Dabei bedeutet das englische Wort „trailer“ ja eigentlich Anhänger, es meint also etwas, das eher hinten dran ist, und das liegt daran, dass früher die kleinen Clips für kommende Filme erst nach dem Hauptfilm im Kino liefen. Damals schauten sich die Leute also noch den Abspann an, heute interessiert sich niemand mehr dafür, wer bei einem Film die Aufgabe des „best boy“ übernommen hat.

Man muss den Film dann gar nicht mehr schauen

Dafür ist das Interesse an den Trailern gestiegen, ihre Veröffentlichung wird manchmal ähnlich großspurig angekündigt wie der Starttermin des eigentlichen Filmes. Als Ende der 90er Jahre der erste Trailer zu „Star Wars I – Die dunkle Bedrohung“ in den Kinos lief, kauften sich Menschen nur dafür eine Eintrittskarte. Nach dem Trailer verließen sie dann den Saal.

Ich glaube übrigens, dass manche Trailer besser sind als der eigentliche Film, und dieser Glaube hat dazu geführt, dass ich kaum noch ins Kino gehe, weil ich immer das Gefühl habe, ich hätte das Beste bereits umsonst gesehen. Ich bezweifle, dass das der Sinn hinter den Trailern ist, eigentlich müssten die Dinger die Menschen doch in die Kinos treiben. Vor zwei Wochen erschien der erste Trailer der Bestsellerverfilmung „50 Shades of Grey“. Ich habe das Buch nicht gelesen, der Inhalt ist nicht so mein Fall, und den Film werde ich mir auch nicht anschauen, denn es ist wohl auch ein schlechtes Zeichen, wenn einem ein Trailer verrät, welche Schauspieler man eigentlich für diesen Film haben wollte (und die dann, aus nachvollziehbaren Gründen abgesagt haben).

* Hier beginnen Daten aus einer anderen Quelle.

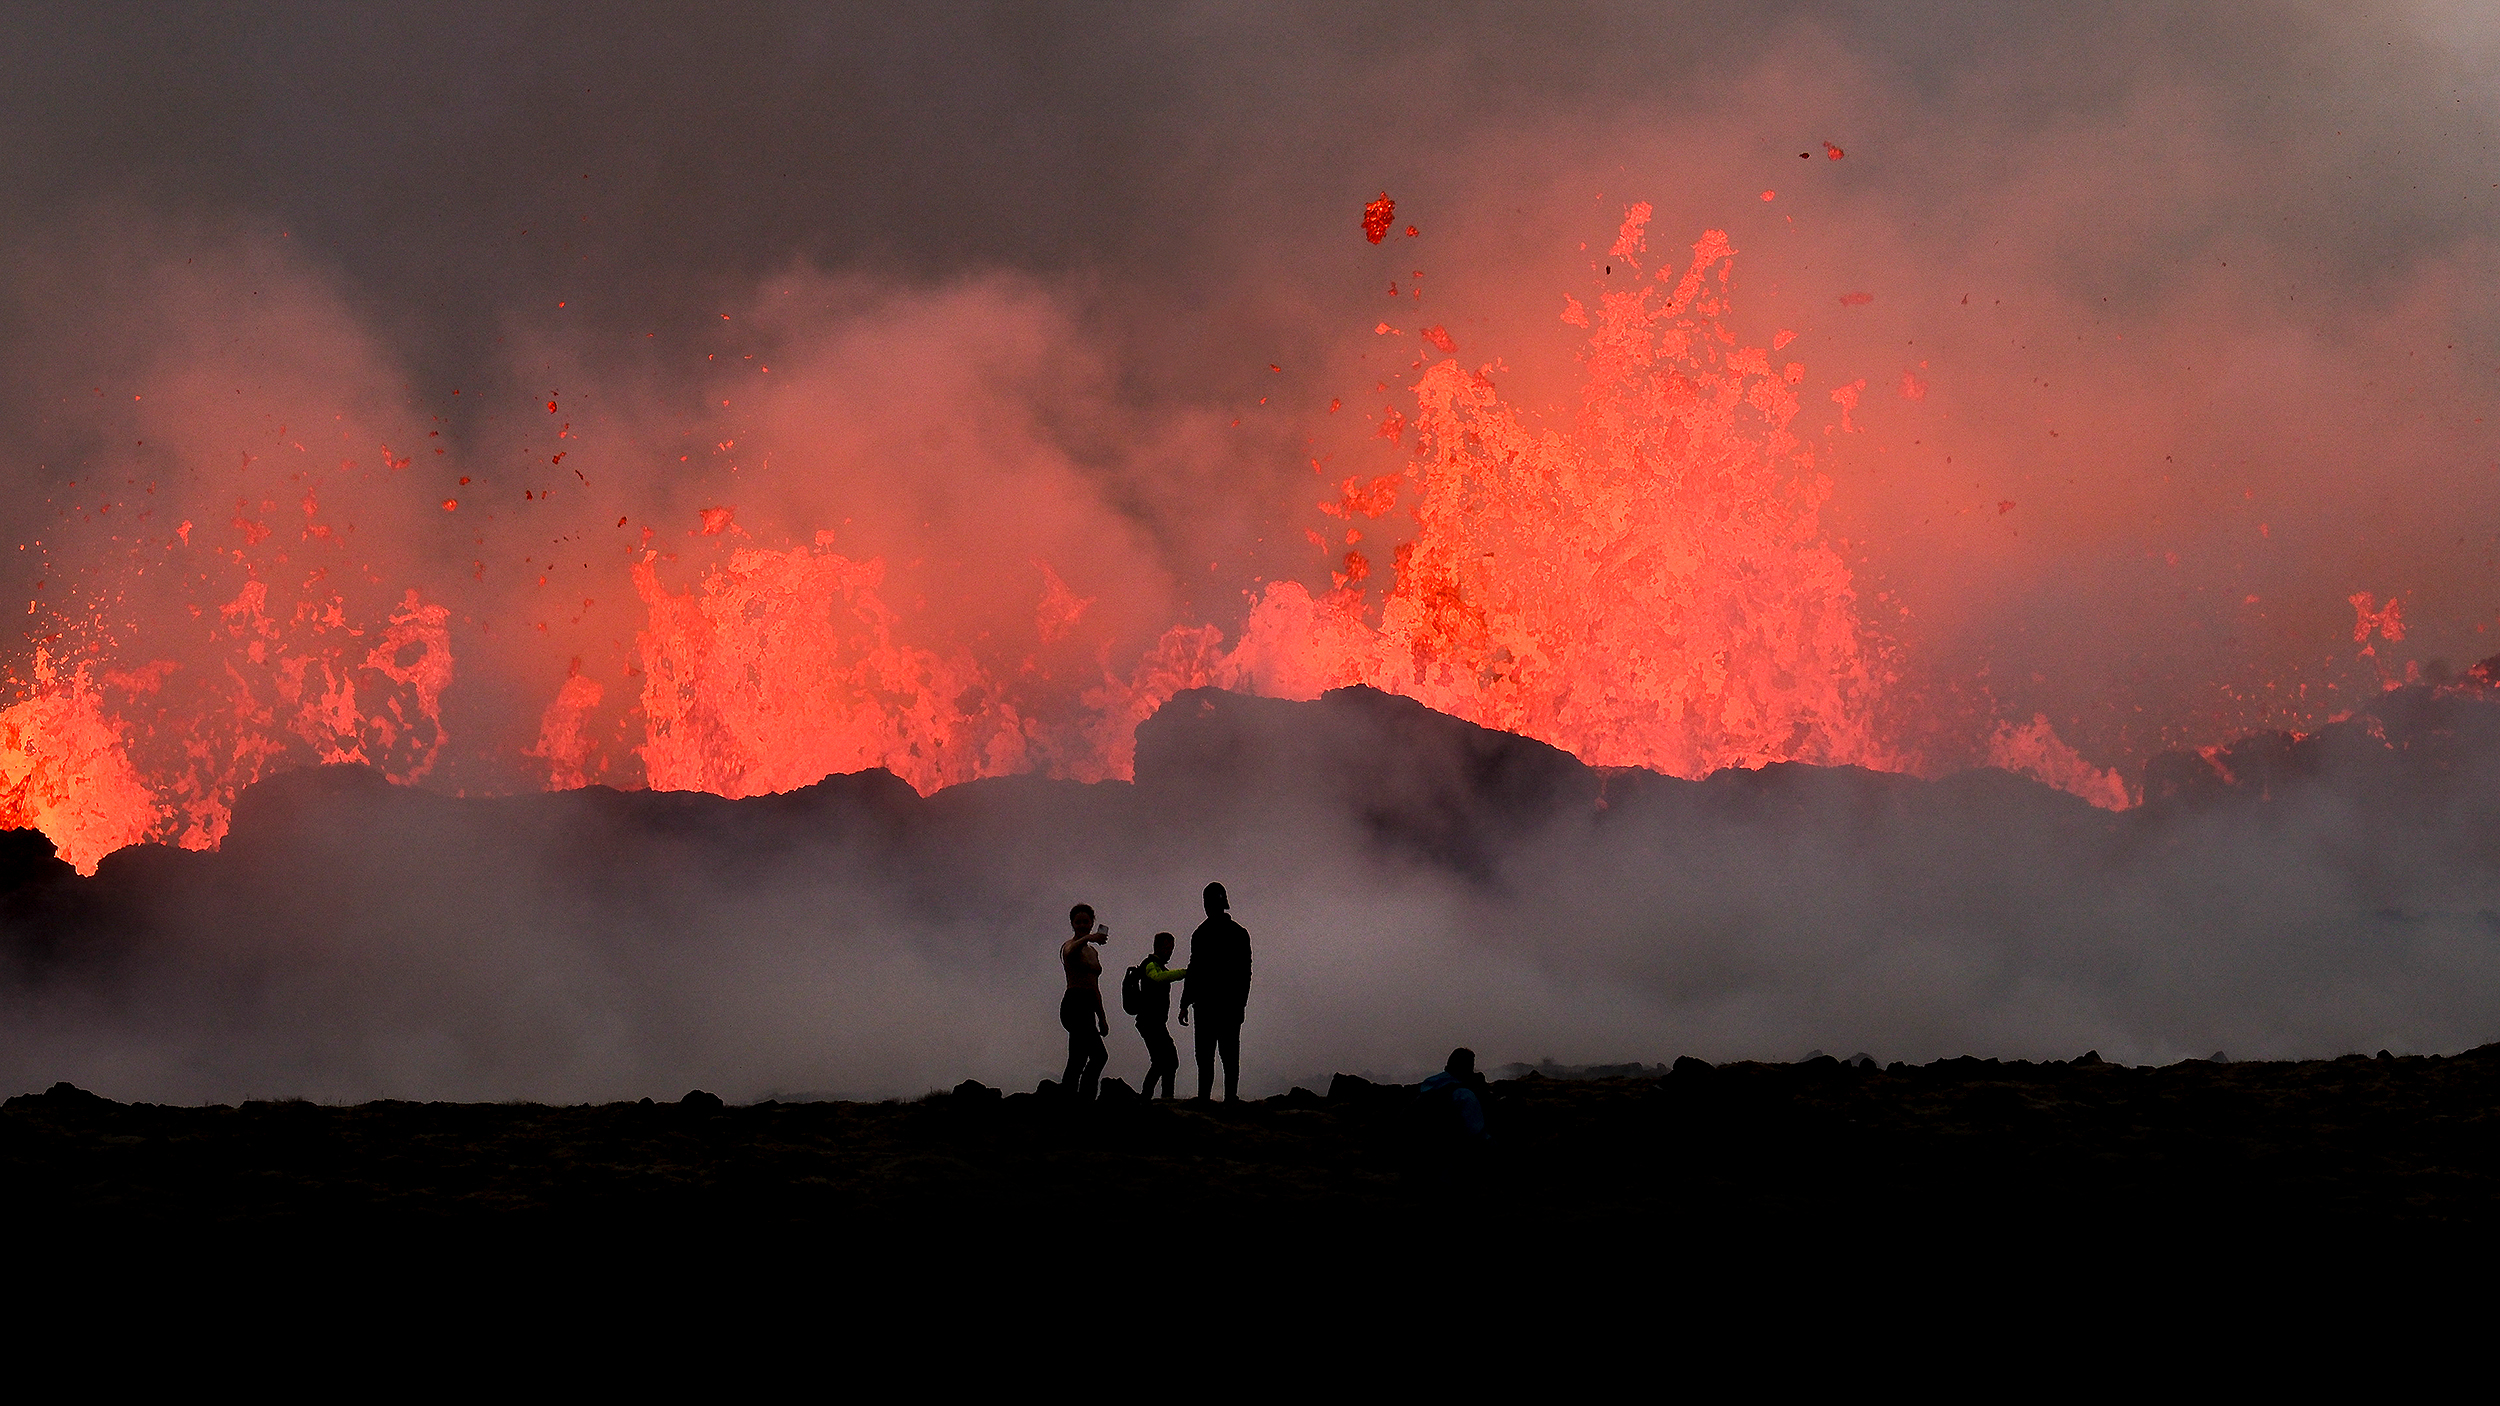 Spectators observing a dramatic eruption from active volcanoes at twilight.

Trailer sind nämlich so wie Zigaretten

Deshalb sieht man im Trailer einen männlichen Hauptdarsteller, der aussieht wie Ashton Kutscher und eine weibliche Hauptdarstellerin, die aussieht wie Anne Hathaway. Dafür sieht man in den beiden Trailern, die es jetzt für Christopher Nolans neuen Film „Interstellar“ gibt, im Prinzip nichts – das sieht aber fantastisch aus. Worum es genau geht? Man kann es nur ahnen (irgendwas mit Wurmloch und Menschenretten). Der Trailer zu der Fortsetzung der Brachialkomödie „Dumm und dümmer“ allerdings lässt keine Frage offen, leider auch nicht die, die man sich niemals stellen wollte.

Dafür stellt man sich dann andere Fragen, zum Beispiel: Wenn das eigene Leben ein Film wäre – wie würde dann der Trailer dazu aussehen? Wie wäre der Soundtrack – und würden andere Leute denken: Och, ganz interessant, das schau ich mir dann mal an. Aber möglicherweise machen Menschen genau das, wenn sie andere Menschen kennenlernen: Sie bieten einen Trailer ihres Lebens, und der andere kann dann entscheiden, ob Lust auf die Langfassung hat.

Mitunter aber ist die Sache mit den Trailern zu vergleichen mit dem Rauchen: Es ist ein kurzes Vergnügen, und am Ende bleibt man unbefriedigt, von den langfristigen Folgen ganz zu schweigen.